Words: Jason Rolfe 2022-06-24 10:37:56

Several days of double-digit subzero temperatures on a section of river that doesn’t see sun in the dead of winter allowed for anchor ice to form on the bottom of the river, revealing a spectacular array of color in the frigid landscape. Photos and Caption: Derek Johnston
A thing is right when it tends to preserve the integrity, stability and beauty of the biotic community. It is wrong when it tends otherwise.
—Aldo Leopold, A Sand County Almanac
For Derek Johnston, it’s always been about rivers. He was 7 years old when he won a camera in a supermarket grand reopening raffle in Youngstown, NY, and right there, in the flows of the Niagara River, he found his first photographic obsession. He realized right away that fractions of a second allow you to see things you miss with the naked eye, so much so that the flow of a river can be frozen—or drawn out—depending on the whims of the photographer and the tools at hand.
He applied to exactly one college out of high school, the Rochester Institute of Technology (just down the road from Eastman Kodak and esteemed in the world of photographic arts), because he’d known exactly what he wanted to do since he was 7. An artist’s residency at the Anderson Ranch Arts Center in the middle of Colorado’s Rockies gave him his first taste of the west, and that was that. Johnston moved to the Frying Pan River valley in the mid-’90s, and soon after found his new Niagara.
The collection of images Johnston refers to as “Up the Pan” span a time period that almost matches his time in the valley. The over 500 images he considers part of this project—of which the selection here is a tiny portion—include images Johnston took in the latter part of the last century. On its face, it seems like a mammoth undertaking, until you realize that for Johnston it has simply been a matter of better seeing what he calls his “bigger backyard.”

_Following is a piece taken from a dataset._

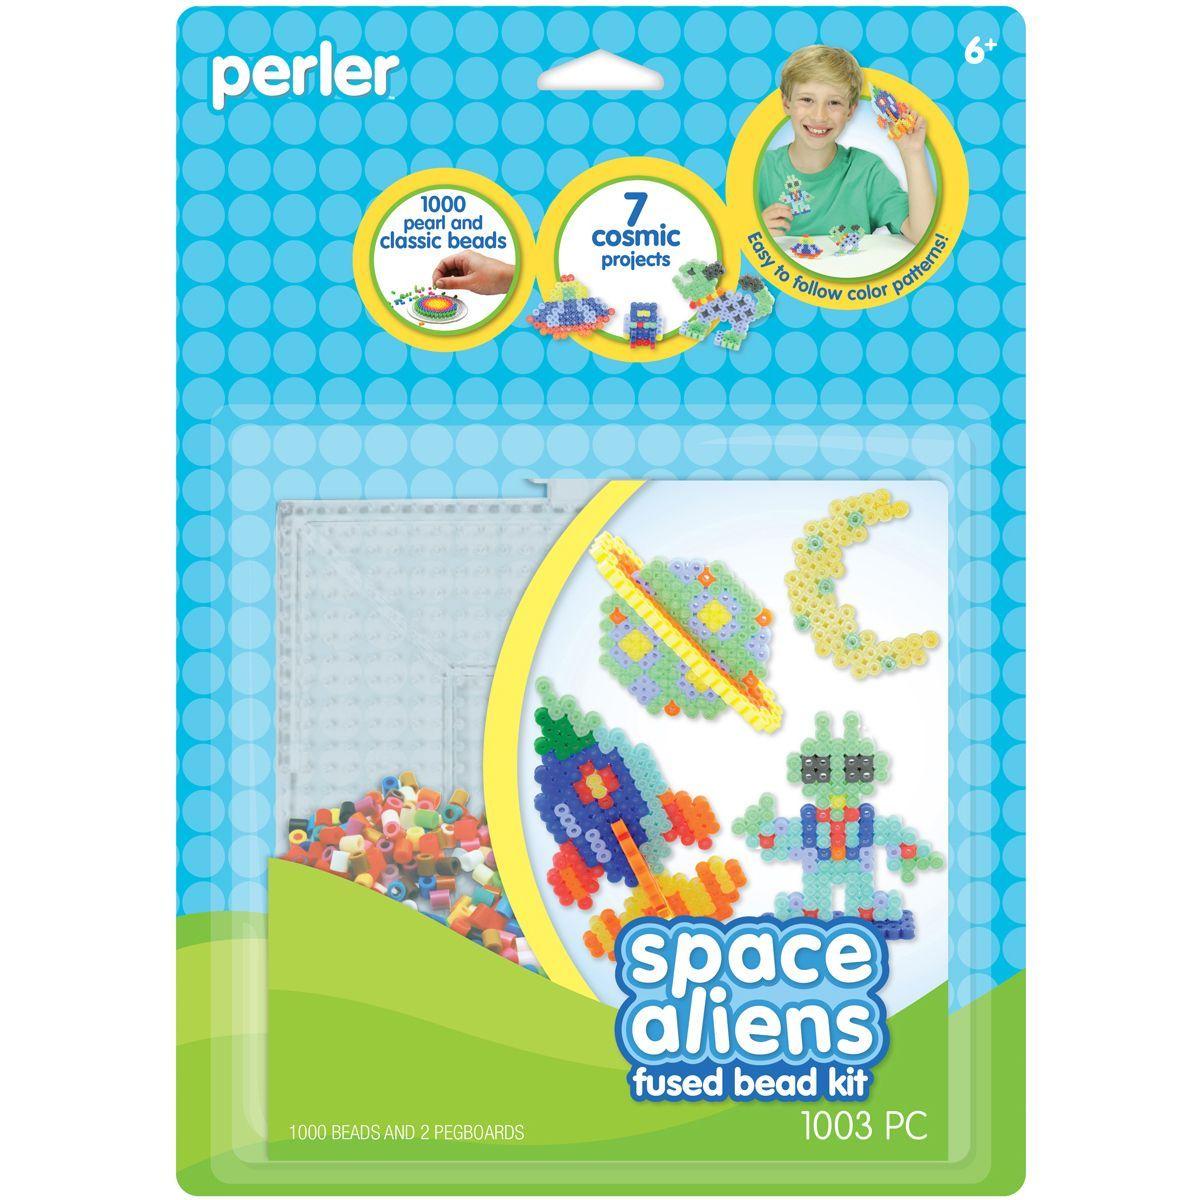 Perler Fun Fusion Fuse Bead Activity KitSpace Aliens

The images are arranged chronologically “by the day they were created (ignoring the year) in order to reveal not just the biological diversity,” Johnston writes, “but also the phenology of this incredible landscape.” Which is another way of saying that for the past 24 years Johnston has always had a camera by his side, and whether he was on his way to work as a photography professor at Colorado Mountain College, on a hunting or fishing excursion, or simply out for a hike in the high country, he made a point of paying attention and leaving no detail unexamined.
“I prefer to move at a pace that helps conceal my presence and allow for close-up and intimate encounters with creatures great and small,” Johnston says. “When photographing, I go without a particular objective and strive to be present in whatever space I am in and open to the opportunities any signs I encounter may create. The stress of a robin’s voice and concern for my presence may mean that a nest is nearby. Finding that nest can lead to weeks of observation as the young birds are born and fledge.”
The naturalist Aldo Leopold did much the same, gathering his observations of his own “bigger backyard” in A Sand County Almanac. Johnston makes clear that this naturalist’s eye for the landscape and its parts are at the core of his attempt to capture—and by capturing, understand—the greater Frying Pan ecosystem. His primary interest is Leopold’s “biotic community”—from the pine tree to the black bear, from the hummingbird to the mayfly.
“[Leopold’s] words represent the philosophical core of the Deep Ecology movement,” Johnston says. “These photographs are my homage to the Frying Pan River seen through the lens of this philosophy.”